Looks great! Always been a fan of blue Audis. 


Sent from my iPad using Tapatalk


----------



## VWNCC (Jan 12, 2010)

davewg said:


> Looks great! Always been a fan of blue Audis.
> 
> 
> Sent from my iPad using Tapatalk


It will look better if it were the Canadian version. The titanium wheels (as per the other MY15 threads) will make the car look much sharper.


----------



## tagsvags (Nov 25, 2005)

VWNCC said:


>


Very nice looking, like the wheels very smart.


----------



## trueunion (Apr 15, 2008)

tagsvags said:


> Very nice looking, like the wheels very smart.


congrats why is the car in a Hotel ?


----------



## chrixx (Apr 28, 2014)

VWNCC said:


> It will look better if it were the Canadian version. The titanium wheels (as per the other MY15 threads) will make the car look much sharper.


Agreed! All the US spec cars looked "compromised" compared to the Euro or Canadian spec models.

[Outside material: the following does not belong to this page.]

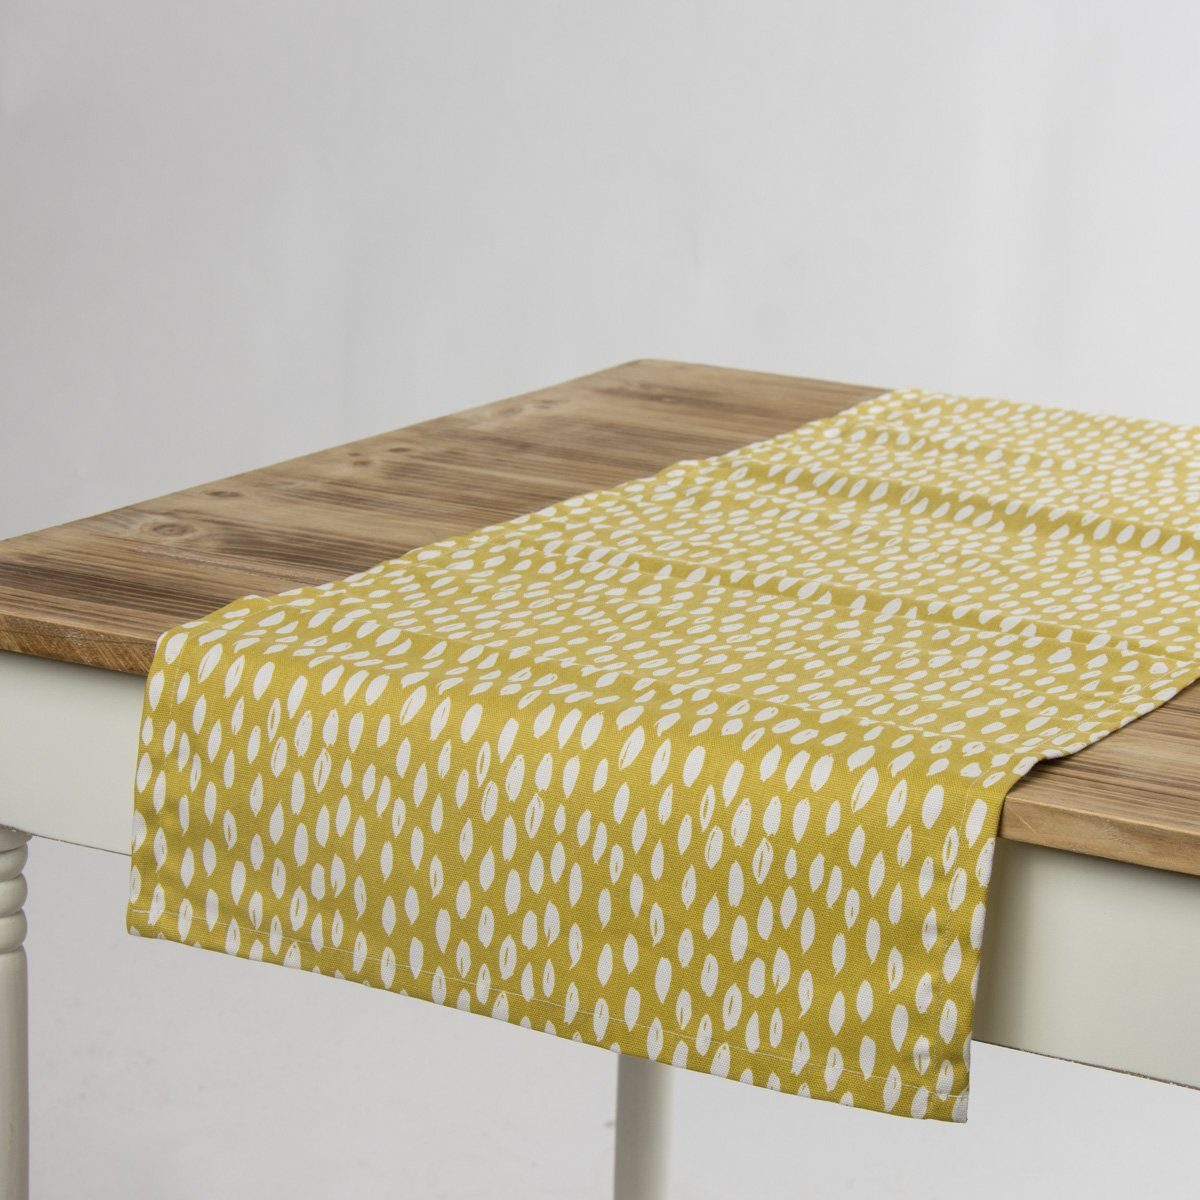 SCHÖNER LEBEN. Tischläufer Schöner Leben Tischläufer Bayside Honeydew ocker gelb weiß 40x160cm, handmade

It just feels like Audi cheapened up for the US market, but I don't see why they are doing this specifically for the US when Canada gets the full range of options.


----------



## VWNCC (Jan 12, 2010)

chrixx said:


> Agreed! All the US spec cars looked "compromised" compared to the Euro or Canadian spec models. It just feels like Audi cheapened up for the US market, but I don't see why they are doing this specifically for the US when Canada gets the full range of options.


We actually don't get power folding mirror, but the US does. But, yes, we do get better steering wheels, wheels, and etc...


----------



## mike3141 (Feb 16, 1999)

U.S. configurations are determined by AoA, Canadian models by AoC with oversight by the home office. They're deciding which features will help enhance sales vs. sale prices--after all they're trying to maximize profit.


----------



## chrixx (Apr 28, 2014)

That's a minor feature compared to the other more visible features we're missing in the US. Also, Canadian buyers can get S-line without going top trim, so the packages are more flexible there.


----------



## VWNCC (Jan 12, 2010)

chrixx said:


> That's a minor feature compared to the other more visible features we're missing in the US. Also, Canadian buyers can get S-line without going top trim, so the packages are more flexible there.


That's true. The Canadian version gets more visible features.


----------